Ostensibly it was a tale of two different worlds but only at first glance. In reality they were much closer than any of them would care to admit, especially in medicine. Pressure led to stress, stress could lead to heavy drinking, heavy drinking could lead to dependence and then it was downhill all the way. Medicine was the profession with more suicides and more alcoholics than any other. That’s what they’d told her at medical school.
Sarah got up and poured herself some coffee from the heated flask that sat on the sideboard. The residency had coffee available all day but Sarah wasn’t sure how often the domestic staff made fresh stuff. Certainly not within the last four hours, she concluded after sipping it. It tasted burnt. She put it aside after a few more sips and tried to concentrate on her book.
Her father had recommended that she read Renee Weber’s ‘Dialogues with Scientists and Sages’ as an exercise in perspective. But she found she couldn’t concentrate. The McKirrop case was still uppermost in her mind. It wouldn’t go away. After reading the same page three times without taking in anything she put down the book and rubbed her forehead as she lay back in the chair. She tried again to think things through logically but it was complicated by her inability to analyse her own feelings properly. They were a mixture of disbelief, anger, sorrow and... unease. Yes, that was it, there was definitely an element of unease, the one feeling she’d not been admitting to. Now that she had, she could start defining its cause.
She had recorded an encouraging brain scan on John McKirrop, one which suggested that he would recover consciousness and some hours later he had. This was her opinion and also that of the staff nurse who’d been with her. But instead of being on the road to recovery, as she would have predicted, McKirrop was dead and her bosses were telling her that the brain scan readings had been some kind of aberration, some quirk of fate or even a mistake — a mistake on her part! What was more was that they were telling her that McKirrop had not regained consciousness at all. It was all a misunderstanding due to her inexperience.

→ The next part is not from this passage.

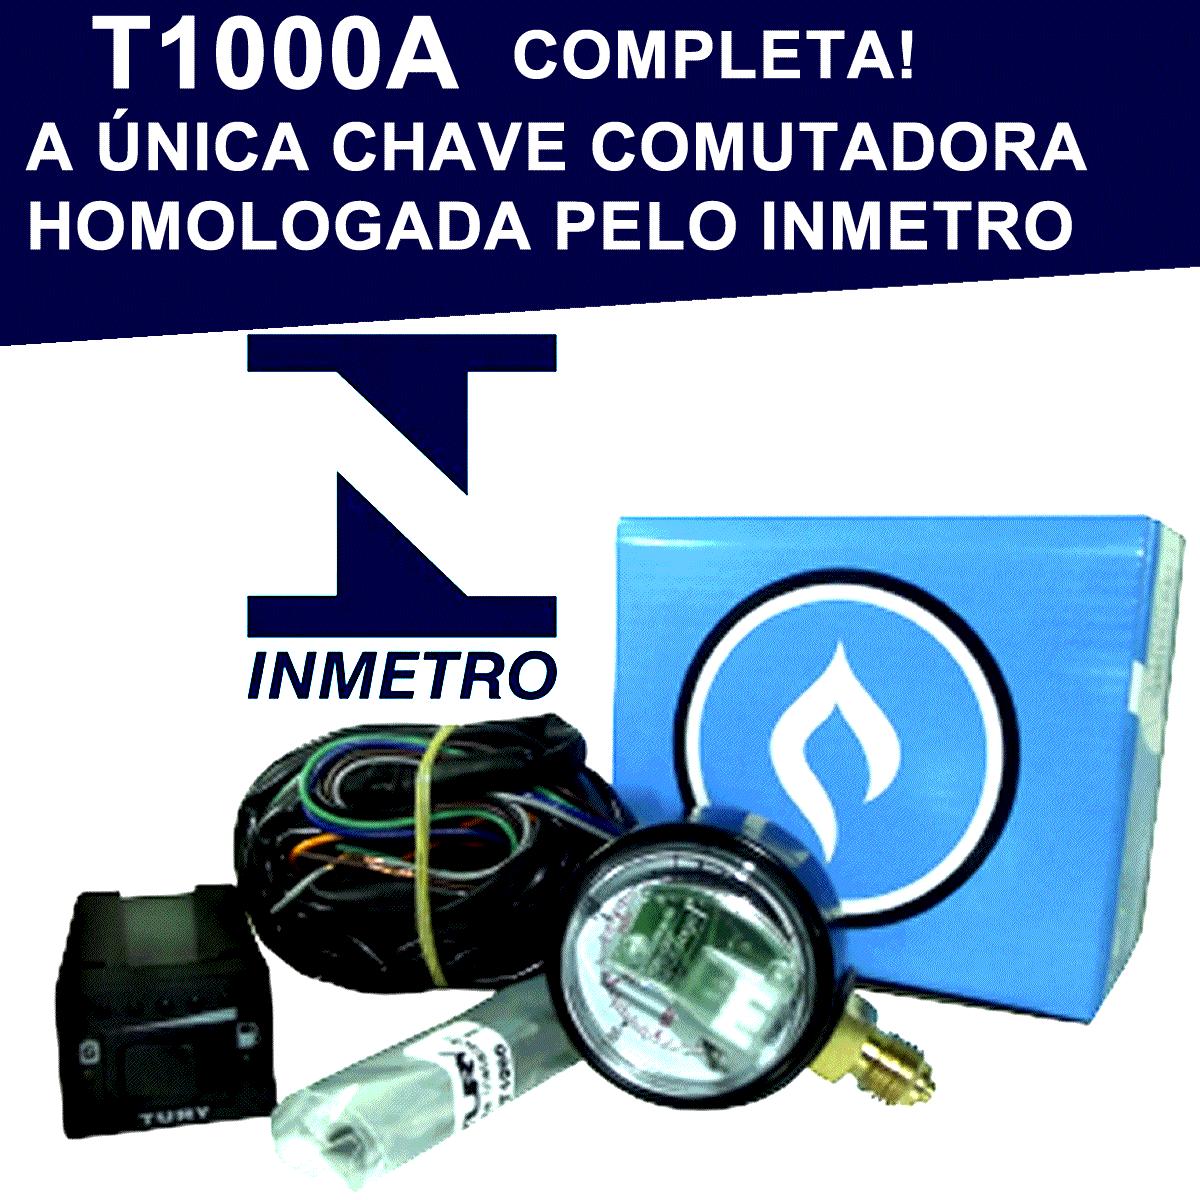 Chave Comutadora T1000A e Emulador T54A TURY GAS

Sarah had got the facts straight in her head but the facts were not the cause of her unease — they were the cause of her anger and frustration. Feelings of disquiet were associated with a question that arose from them. If she was right and McKirrop had been on the road to recovery, then what was she suggesting? That someone else had made a mistake? Or that someone... someone had deliberately murdered John McKirrop? The notion was just too ridiculous, but the question remained. She needed a scientific way of dealing with it.
The post-mortem on McKirrop would of course, define the extent of his injuries when they got round to doing it but the pathologist would probably be Hugh Carfax, a friend of Derek Logan. Not that she was suggesting that Carfax might be influenced by Logan’s notes and conclusions on the case but people were people and human nature was human nature. McKirrop had been a nobody; he hadn’t mattered in life. Why should society care about his death or more specifically, the exact cause of it?
Sarah felt embarrassed at the cynicism she was displaying. She felt the need to be more positive but how? What could she do on her own? Suddenly she saw the crux of the matter. Tyndall had said that he doubted the unusual angle of McKirrop’s forehead would have been enough to protect him from serious brain damage. Logan had in effect confirmed this view by recording a flat line on the patient’s scan, indicating that McKirrop’s skull had been pushed back into his brain causing massive damage. Why didn’t she take a look?